So, the aluminium cation acts as a weak acid, its acid dissociation constant, #K_a#, being equal to #1 * 10^(-5)#.
You can use the value of its acid dissociation constant and the molarity of the solution to determine the concentration of hydronium ions, #H_3O^(+)#, present in solution.
For a weak acid, you have
#[H_3O^(+)] = sqrt(K_a * C)#
#[H_3O^(+)] = sqrt( 1 * 10^(-5) * 2.5) = 0.005#
Now that you have the concentration of the hydronium ions, you can determine the concentration of the hydroxide ions by
#[OH^(-)] = 10^(-14)/([H_3O^(+)])#
#[OH^(-)] = 10^(-14)/(5 * 10^(-3)) = 2 * 10^(-12)#
Now, in order to determine whether or not a precipitate will form, you need the solubility product constant, #K_(sp)#, for aluminium hydroxide, which is listed as being equal to #1.3 * 10^(-33)#.

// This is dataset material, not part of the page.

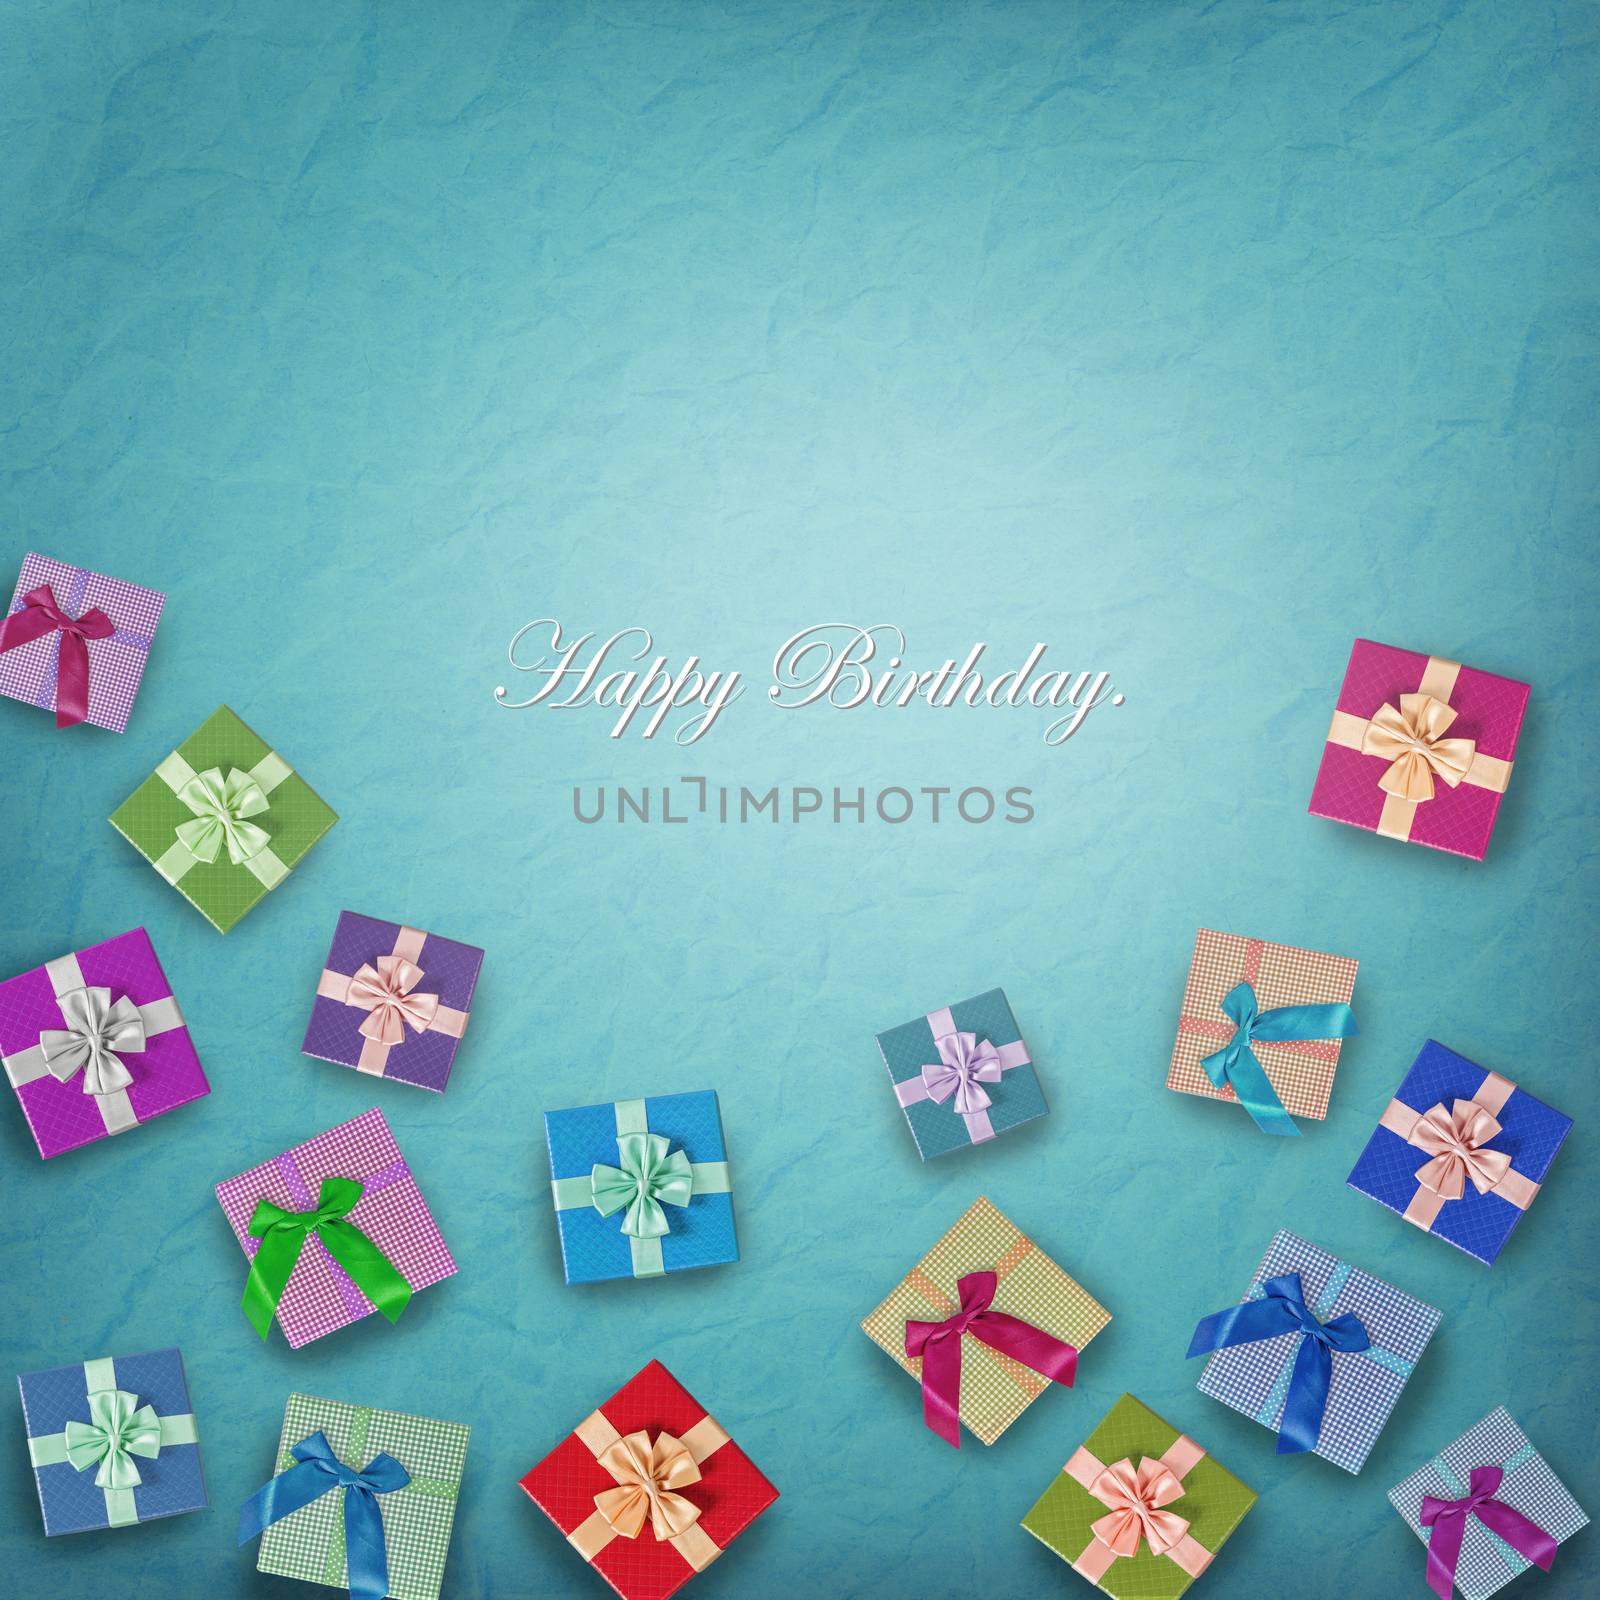 Happy birth day and beautiful gift box on blue color background with empty space for your text or message.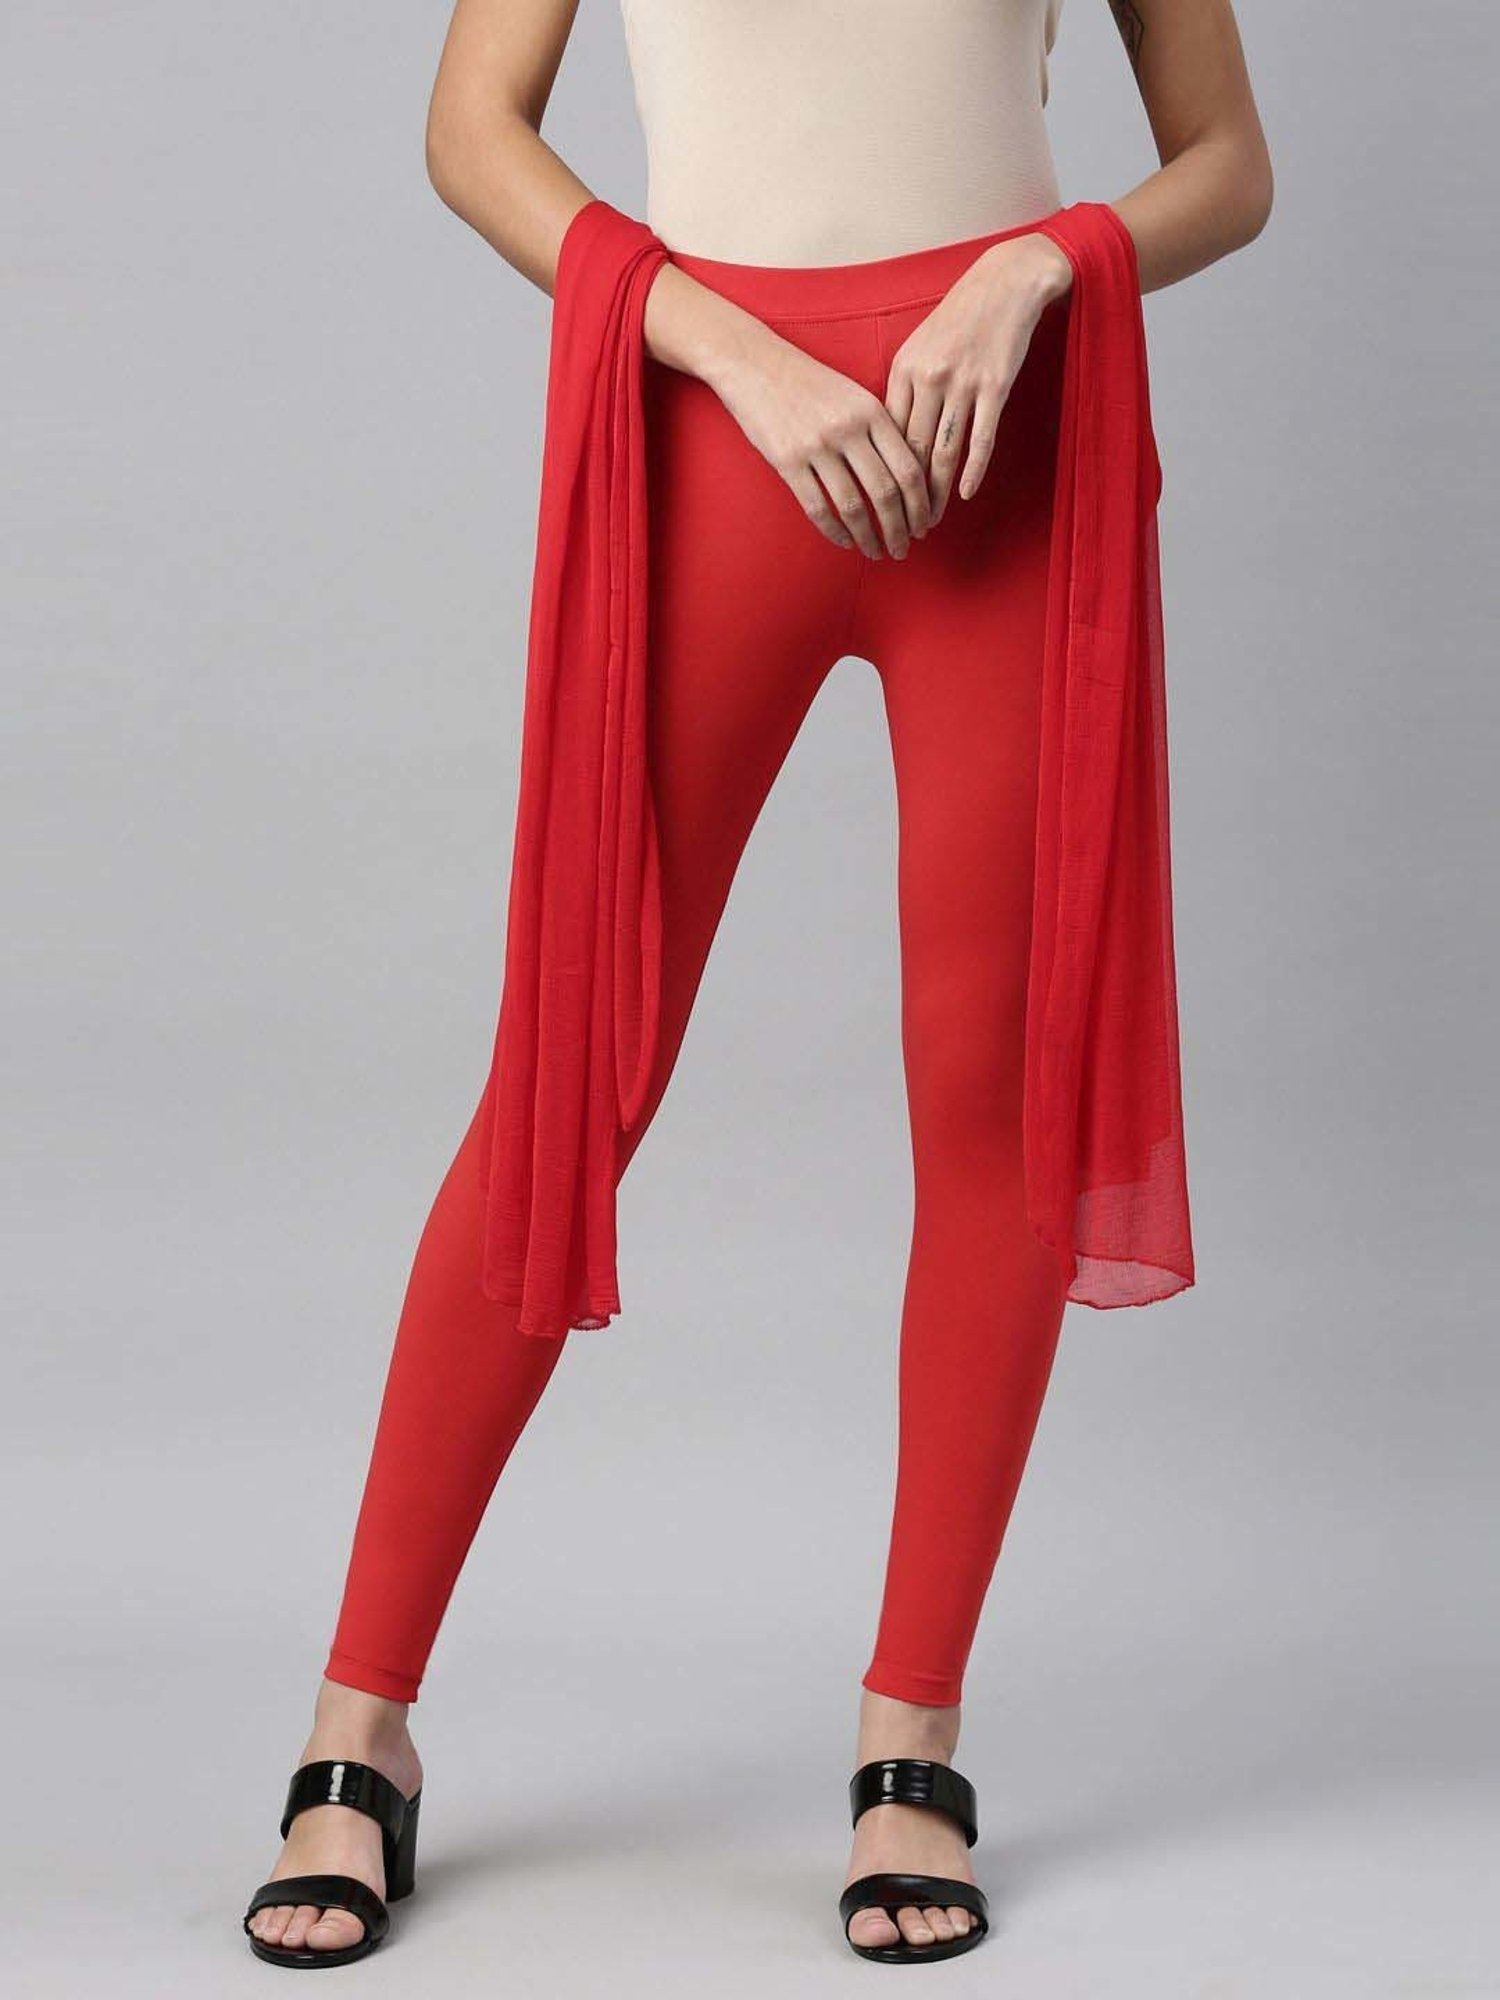 Buy TWIN BIRDS Women Red Solid Cotton Ankle-Length Leggings Online

#Al(OH)_(3(s)) rightleftharpoons Al_text((aq])^(3+) + color(red)(3)OH_((aq))^(-)#
By definition, #K_(sp)# is
#K_(sp) = [Al^(3+)] * [OH^(-)]^(color(red)(3))#
The minimum concentration of hydroxide ions needed to precipitate aluminium hydroxide, given that the concentration of #Al^(3+)# is 2.5 M, will be
#[OH^(-)] = root(3)(K_(sp)/([Al^(3+)])) = root(3)((1.3 * 10^(-33))/2.5) = 8.0 * 10^(-12)#
Compare this value to the one you've calculated for #[OH^(-)]#, and you'll see that you don't have enough hydroxide ions present to form a precipitate
#2 * 10^(-12) < 8 * 10^(-12)# #=># NO precipitate is formed.